Construct an implementation of tridiagonalisation.

Uses pre-allocation, and full reorthogonalisation if reortho is set to "full". It tends to be a good idea to use full reorthogonalisation.

This algorithm assumes a symmetric matrix.

Decompose a matrix into a product of orthogonal-tridiagonal-orthogonal matrices. Use this algorithm for approximate eigenvalue decompositions.

Setting custom_vjp to True implies using efficient, numerically stable gradients of the Lanczos iteration according to what has been proposed by Krämer et al. (2024). These gradients are exact, so there is little reason not to use them. If you use this configuration, please consider citing Krämer et al. (2024; bibtex below).

BibTex for Krämer et al. (2024)

@article{kraemer2024gradients,
    title={Gradients of functions of large matrices},
    author={Kr\"amer, Nicholas and Moreno-Mu\~noz, Pablo and
    Roy, Hrittik and Hauberg, S{\o}ren},
    journal={arXiv preprint arXiv:2405.17277},
    year={2024}
}

Parameters:

Name	Type	Description	Default
num_matvecs	int	The number of matrix-vector products aka the depth of the Krylov space. The deeper the Krylov space, the more accurate the factorisation tends to be. However, the computational complexity increases linearly with the number of matrix-vector products.	required
materialize	bool	The value of this flag indicates whether the tridiagonal matrix should be returned in a sparse format (which means, as a tuple of diagonas) or as a dense matrix. The dense matrix is helpful if different decompositions should be used interchangeably. The sparse representation requires less memory.	True
reortho	str	The value of this parameter indicates whether to reorthogonalise the basis vectors during the forward pass. Reorthogonalisation makes the forward pass more expensive, but helps (significantly) with numerical stability.	'full'
custom_vjp	bool	The value of this flag indicates whether to use a custom vector-Jacobian product as proposed by Krämer et al. (2024; bibtex above). Generally, using a custom VJP tends to be a good idea. However, due to JAX's mechanics, a custom VJP precludes the use of forward-mode differentiation (see here), so don't use a custom VJP if you need forward-mode differentiation.	True

Returns:

Type

Description

decompose

A decomposition function that maps (matvec, vector, *params) to the decomposition. The decomposition is a tuple of (nested) arrays. The first element is the Krylov basis, the second element represents the tridiagonal matrix (how it is represented depends on the value of ``materialize''), the third element is the residual, and the fourth element is the (inverse of the) length of the initial vector.

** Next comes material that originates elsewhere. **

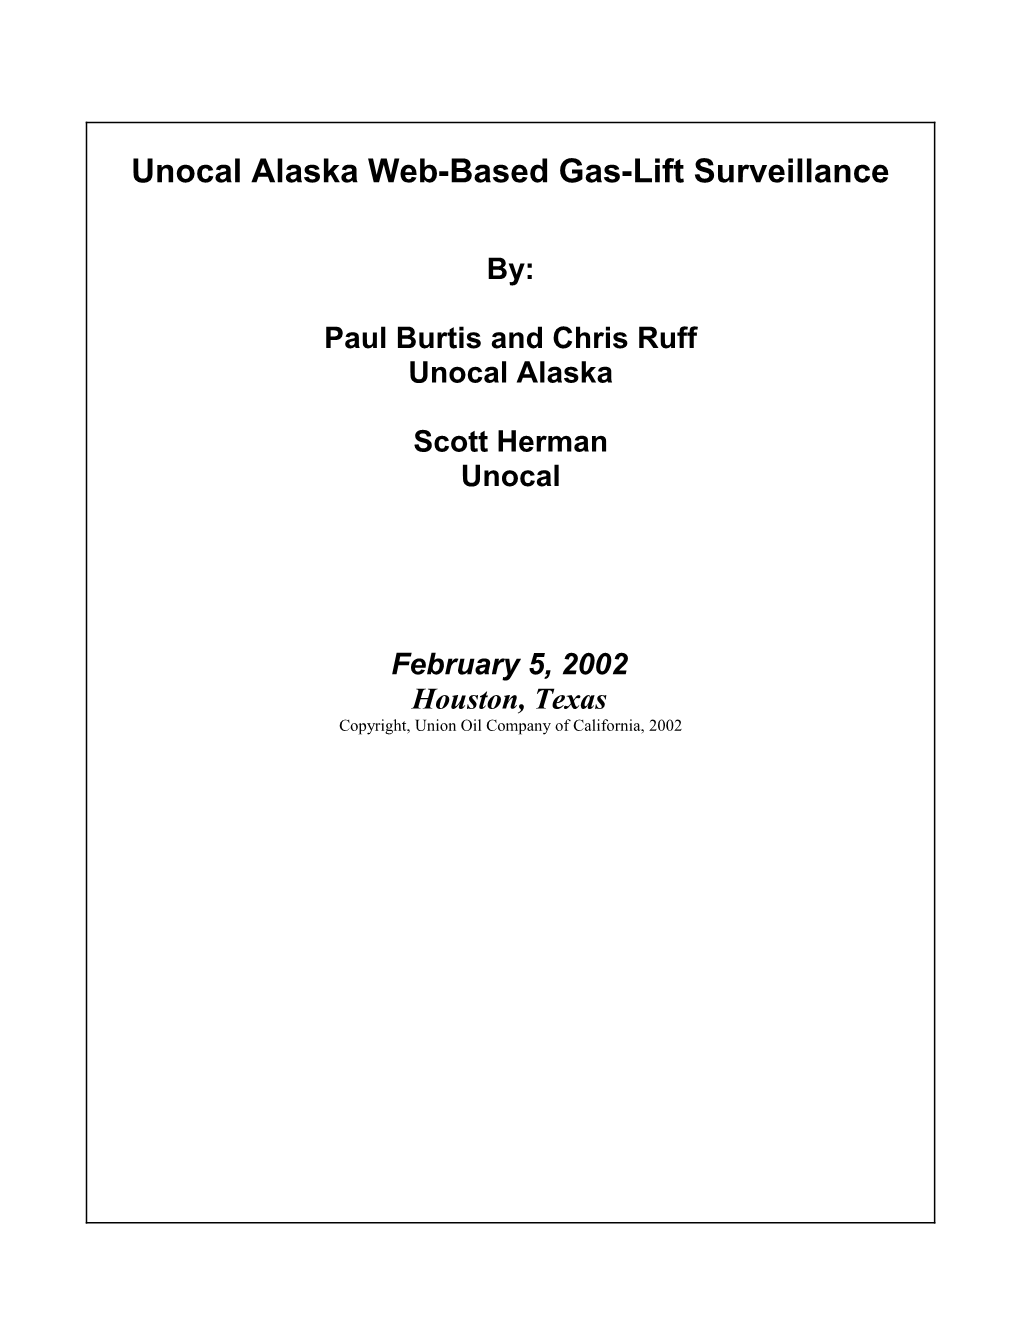 Unocal Alaska Web-Based, Gas-Lift Surveillance

Source code in matfree/decomp.py

def tridiag_sym(
    num_matvecs: int,
    /,
    *,
    materialize: bool = True,
    reortho: str = "full",
    custom_vjp: bool = True,
):
    r"""Construct an implementation of **tridiagonalisation**.

    Uses pre-allocation, and full reorthogonalisation if `reortho` is set to `"full"`.
    It tends to be a good idea to use full reorthogonalisation.

    This algorithm assumes a **symmetric matrix**.

    Decompose a matrix into a product of orthogonal-**tridiagonal**-orthogonal matrices.
    Use this algorithm for approximate **eigenvalue** decompositions.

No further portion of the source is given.